Commercial Property Taxes in Texas and How They Work

Property Tax Texas

The commercial property tax system in Texas can be complicated, and Texas is known for having some of the highest property tax rates in the country. But why are property tax rates in Texas so high, and how are they determined?

One reason property taxes in Texas are so high is that every year, the state requires more tax revenue to support economic and population growth. An expanding economy and a rapidly growing population mean that the state of Texas consistently experiences an increased demand for things like schools, new roads, healthcare, and other public services and infrastructure. Because of this demand, commercial property owners taxes often get more expensive every year. The increases can occur even if the rate doesn’t change, as the generally robust Texas economy increases market values on which property taxes are based.

In Texas, commercial property and real estate market valuations, contributing to the calculation of annual property taxes, are conducted by state tax assessors once a year. Since property values tend to increase year on year, commercial property owners can anticipate a steady annual increase in their commercial tax bills. However, these valuation increases, which impact the property tax percentage, are not always accurate. Consequently, some commercial property owners end up paying more annual property taxes than they should. If you’re a property owner who believes your commercial real estate space has been inaccurately valued, you can request a review or arbitration by your local appraisal review board (ARB) or file a protest with the county appraisal district(CAD).

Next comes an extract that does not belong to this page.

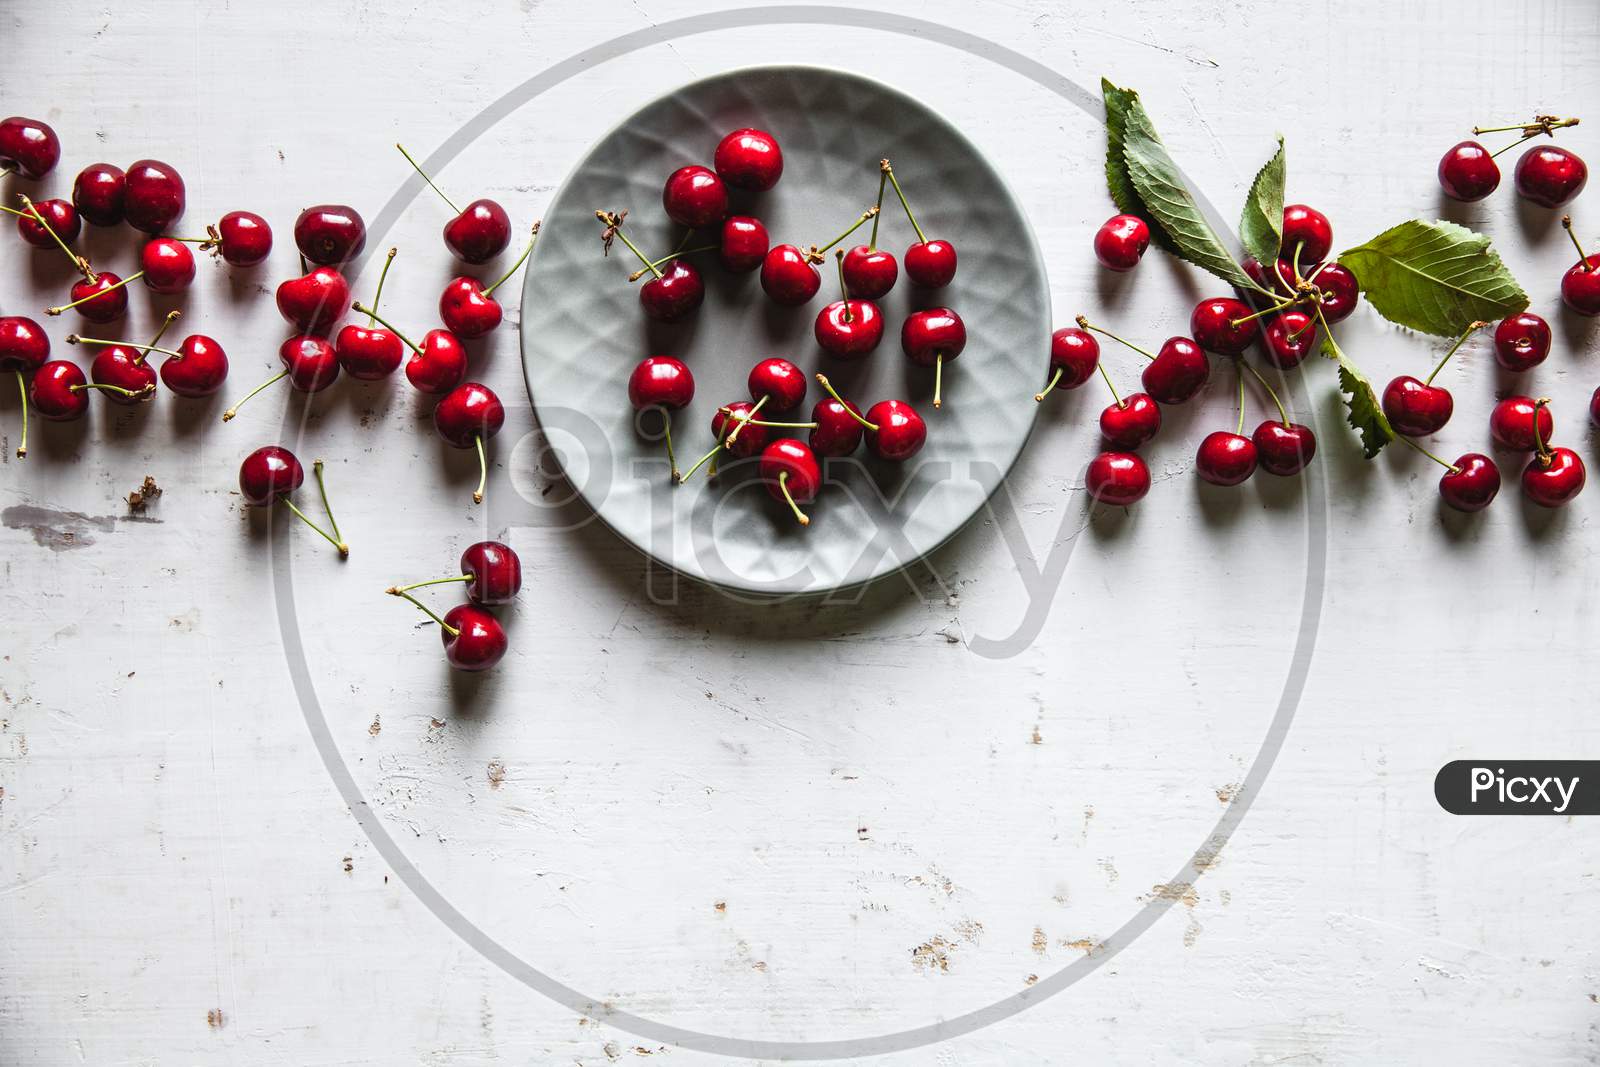 Sweet Cherries In A Plate On An Old White Background, Healthy Food, Fruits

Understanding How Commercial Property Taxes Work in Texas

All property taxes in Texas - both commercial and residential are - ad valorem taxes. This Latin phrase simply means “according to value.” It indicates that Texan commercial properties are to be taxed on the basis of their market value. However, determining the value of a property is not always straightforward. CADs in Texas will use one of three different approaches to calculate property values. These approaches are the income, sales and modified cost approaches. The choice of approach will depend on the type of property being assessed. Commercial property valuation is generally carried out using the income approach. The income approach uses the revenue that a commercial property generates as the primary factor determining its value. Valuators take the net operating income of the property and divide it by the capitalization rate in order to arrive at an estimated value. The capitalization rate is the expected rate of return of a real estate investment property or commercial property. The higher the capitalization rate, the lower the estimated property value. Conversely, a higher net income will raise the property value.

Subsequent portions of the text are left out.